## Given material
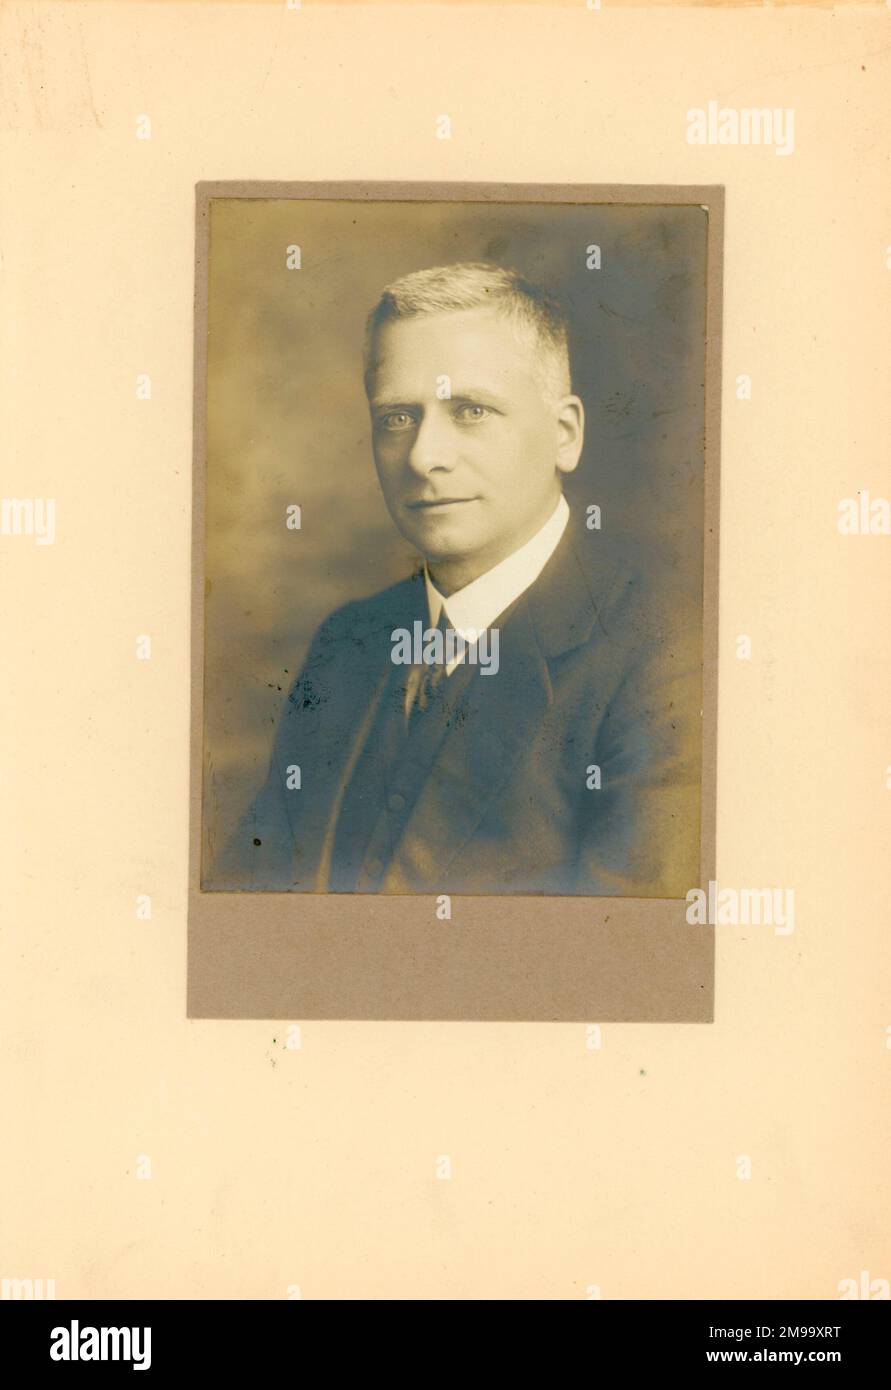 IAE President, 1918-19, Alfred Arnold Remington. Stock Photo
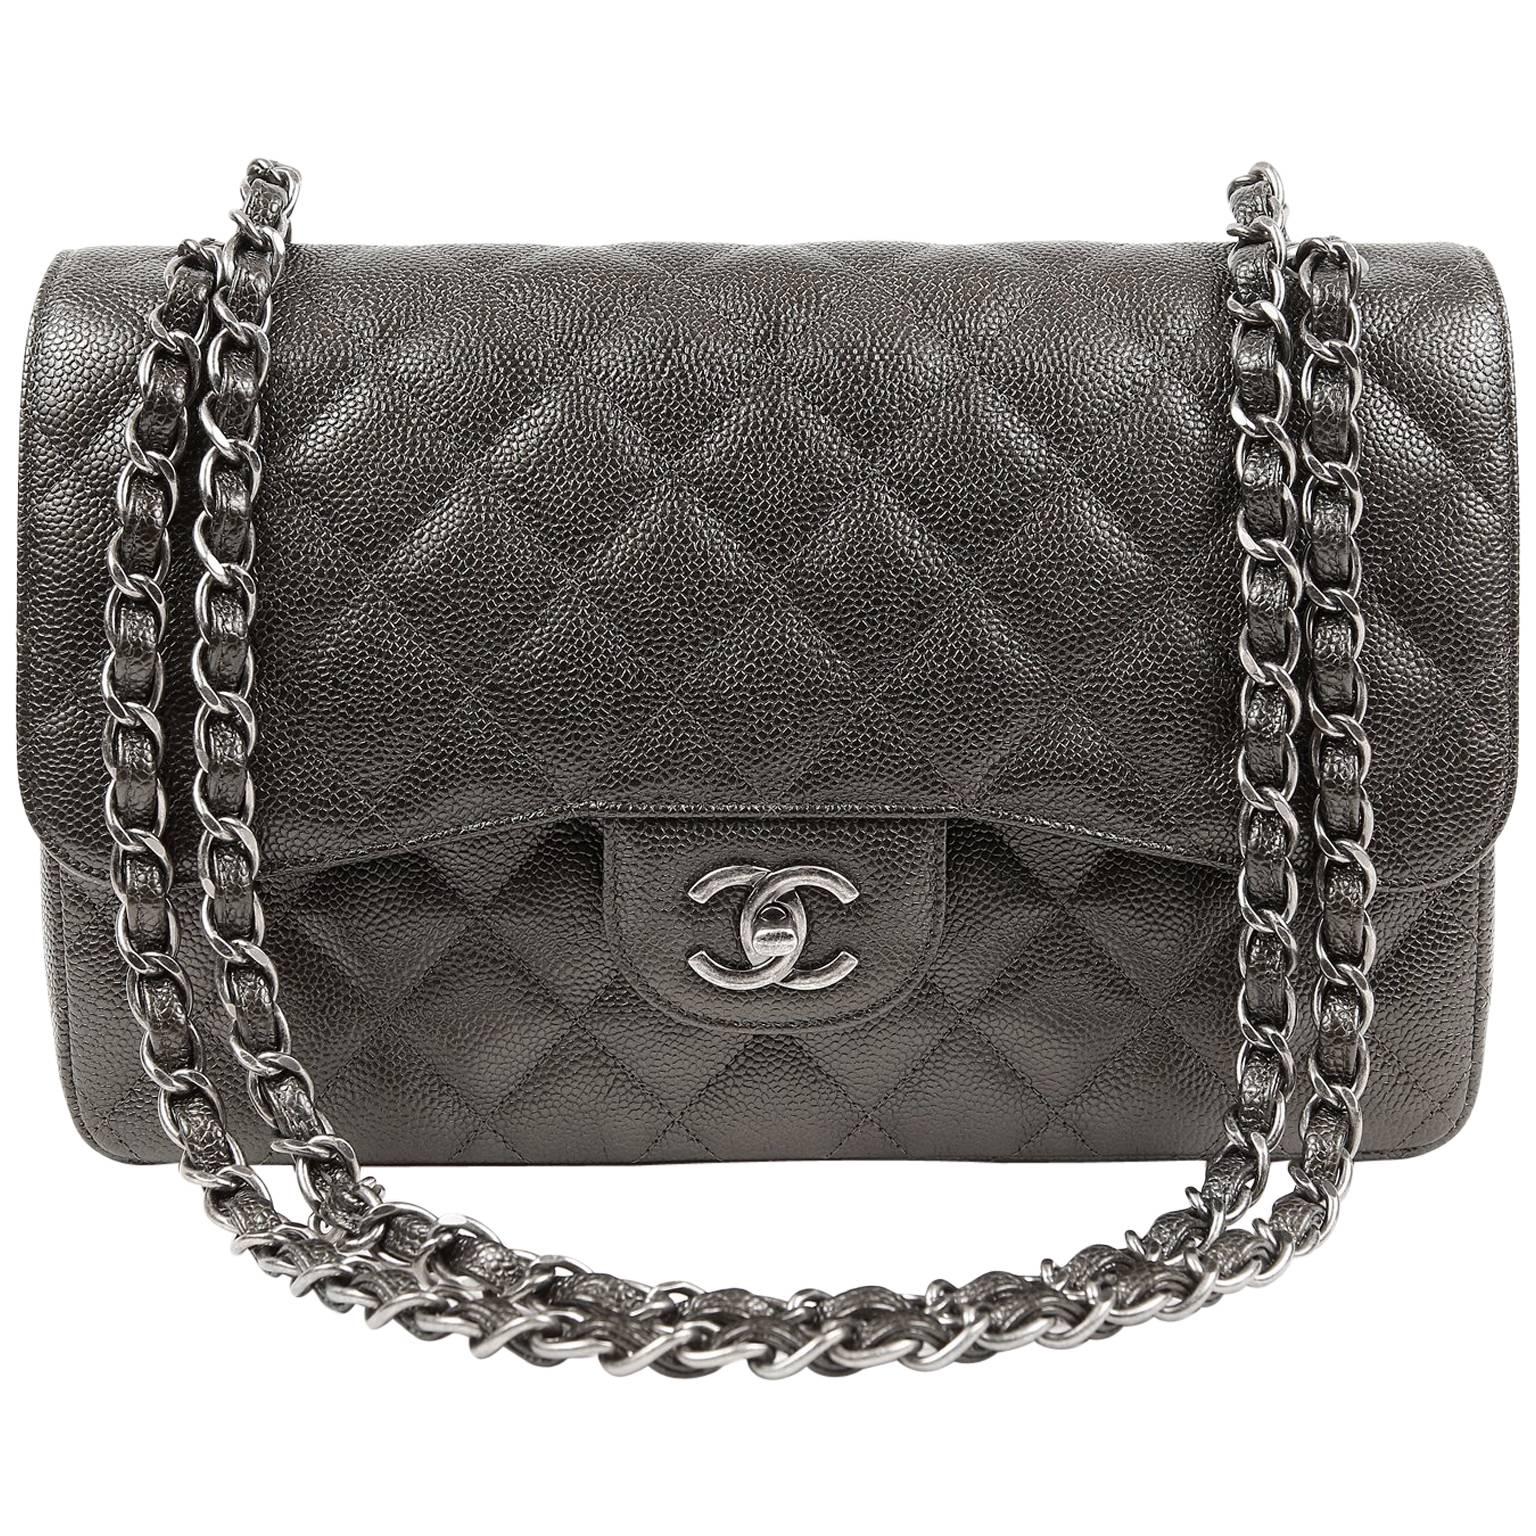 Chanel Graphite Caviar Jumbo Double Flap Classic Bag
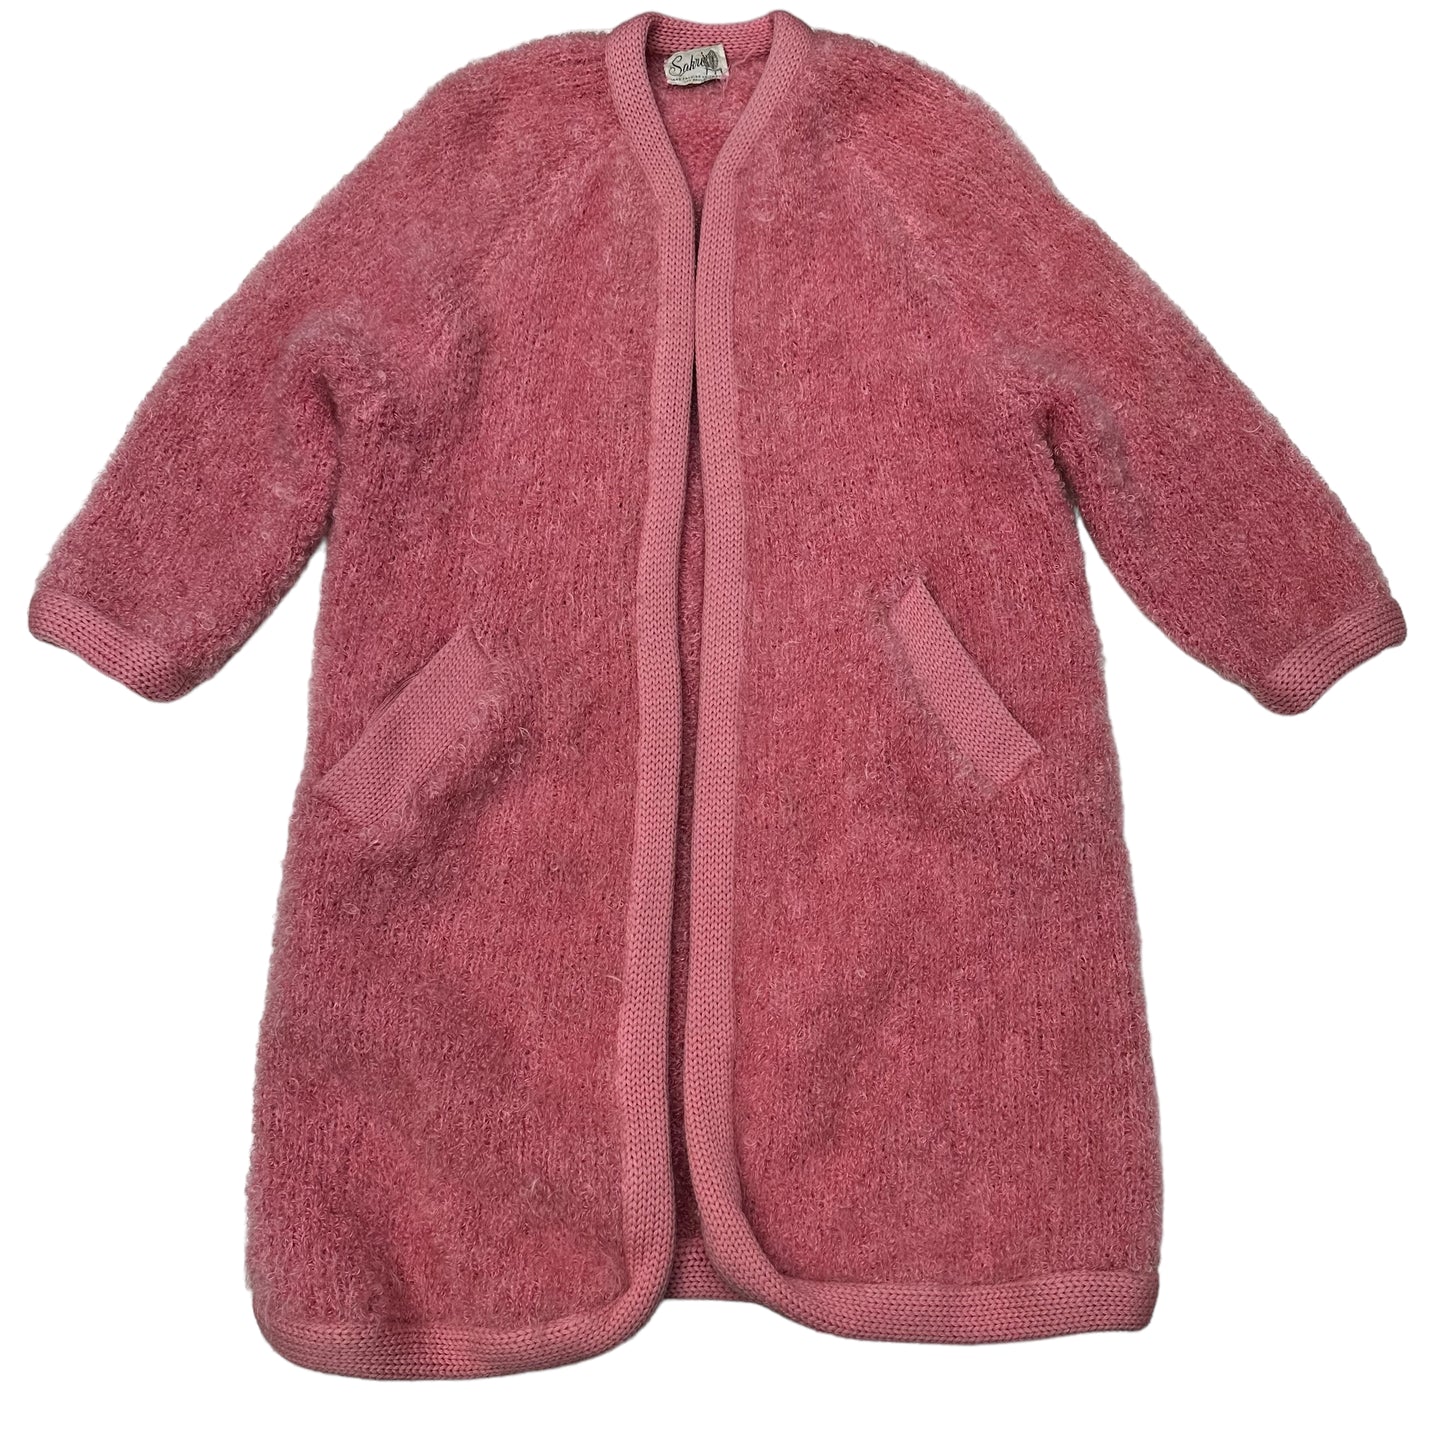 Vintage Pink Fuzzy Cardigan - S/M

## Exercise description
Leaving the images out, retype all the material above exactly.

## Your response
 IAE President, 1918-19, Alfred Arnold Remington. Stock Photo
 Chanel Graphite Caviar Jumbo Double Flap Classic Bag
 Vintage Pink Fuzzy Cardigan - S/M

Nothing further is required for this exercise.